Opinions of Sunday, 10 December 2006
Columnist: Okoampa-Ahoofe, Kwame
THE KIND OF TRADITIONAL PRIEST TO RUN OUT OF BUSINESS
In the wake of the recent motor-accident involving a convoy carrying Ghana’s Vice-President, Alhaji Aliu Mahama, the Accra Daily Mail (ADM) posted a news article to its website in which a traditional priest was reported to be claiming that the prevalence of road accidents were, supposedly, being caused by the spirit of former President Kwame Nkrumah.
While we strongly believe in the potent spirits of the dead, particularly the eudaemonious spirits of beneficent ancestors, we found this particular narrative, coming from a Nii Addo Ansah Otwatri II, the aforementioned priest and newsmaker, to be quite bizarre and amusing all at once. And we are almost equally tempted to add that Nii Otwatri’s call on Ghanaians, especially the ruling New Patriotic Party (NPP), to pacify the spirit of the deposed late president in order to drastically reduce the spate of road accidents in the country to be flagrantly insulting.
But before we even proceed any further, we are forced to point out the fact that we find the name of the traditional priest to be quite intriguing, in the theatrical sense of the term. Nii Addo Ansah Otwatri II, which roughly translates as “Chief Addo Ansah the Executor Par-Excellence,” or, perhaps, even more aptly, “Chief Addo Ansah the Decapitator.”
First of all, somebody ought to remind Nii Otwatri that if any of Ghana’s deceased leaders required a belated, fitting funerary send-off, as it were, it is definitely not the late President Nkrumah, but the pioneering and seminal likes of Dr. J. B. Danquah and Mr. Obetsebi-Lamptey, both of whom Nkrumah not only brutally assassinated but also criminally forbade their families and political associates and disciples from according fitting send-offs. The Akan have a maxim which states that: he who would not let his neighbor to take the ninth turn would also not be allowed to take the tenth turn.
Secondly, according to traditional Ghanaian lore, President Nkrumah does not qualify to be considered an “Otofoo,” one who meets accidental death and thus whose spirit perennially haunts the vicinity of his/her former existential purview or sphere of influence. In essence, since he did not die on the throne but, rather, was “fittingly” dispatched through a revolutionary military coup detat, Ghanaians have nothing to worry about the spirit of the deposed president feeling immitigably aggrieved and mordantly bitter and therefore gratuitously and pathologically indulging in mayhem in order to call attention to his need for propitiation, whatever that means.

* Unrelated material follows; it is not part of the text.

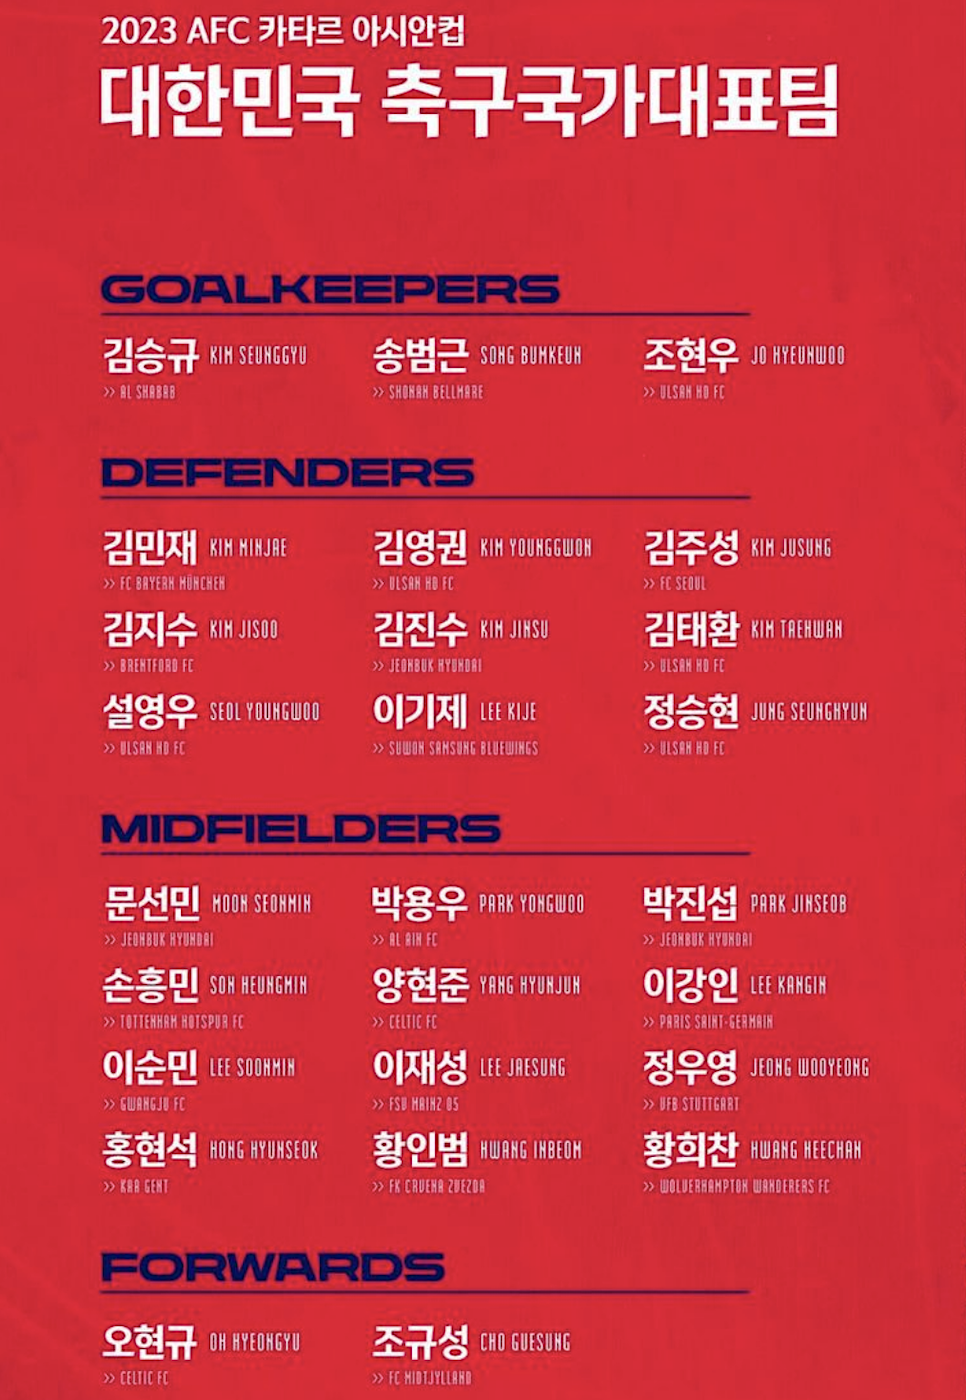 한국 요르단 축구 중계 역대 전적 심판 선발 예상 라인업 피파랭킹

Indeed, if anything at all, Nkrumah was accorded the kind of fabled (or fabulous) State-Burial that no other Ghanaian premier or illustrious citizen has ever been accorded. And what is more, Nkrumah is the only deceased Ghanaian leader, to date, who has had a flamboyant and extravagant mausoleum constructed for him – so short of his own absolute and, perhaps, incurable lunacy, just exactly what is Nii Addo Ansah Otwatri talking about?
Our own theory, here, is that going by the sanguinary overtones of his name, Nii Addo Ansah Otwatri II may be up to no good, other than desperately and cynically adding to the existing confusion and mayhem surrounding these road accidents. Besides, since Nkrumah was never a Vice-President of Ghana, why, on God’s good Earth, would he want to send a bloody message through Mr. Aliu Mahama and not through President Kufuor, the substantive president himself?
Of course, we also fully recognize at this juncture that Nkrumah was, indeed, as swashbuckling as the name of Nii Otwatri suggests. And if, indeed, Nii Otwatri is a Ghanaian of Ga-ethnic extraction, then one would rather that he translated his last name of “Otwatri” into Ga and stop using his Akan-sounding name to deceive people. For we Akans want no part of his “religious” madness. Thirdly, one is almost apt to suspecting that, perhaps, Nii Otwatri II (we would really love to see how Nii Otwatri I actually looks or looked like) is deviously staging his melodrama in cahoots with the cynical likes of Mr. Kwesi Pratt and some of the other swindling malcontents of the rump Convention People’s Party, which is why the “fetish” priest would also insist that any attempt to “re-pacify” the spirit of Nkrumah must, perforce, involve the active participation of “the Convention People’s Party…because some of the party members followed Dr. Nkrumah to places to swallow the concoctions.”
Needless to say, the preceding smacks of a desperate and facile attempt by fanatical Nkrumacrats to insinuating their deposed demi-god into the salutary affair of a democratic Ghana, in hopes of making themselves and their party an electoral force to reckon with. If so, then Nii Otwatri had better prepare to drink his own decoction with his Nkrumaist buddies and leave the rest of us out of it!
On a salient note, though, is our need to thank Nii Otwatri for confirming for us what many of us have suspected all along – that President Nkrumah was a concoction-quaffing megalomaniac who thought Ghana, Africa and the rest of the world revolved around his whims and caprices.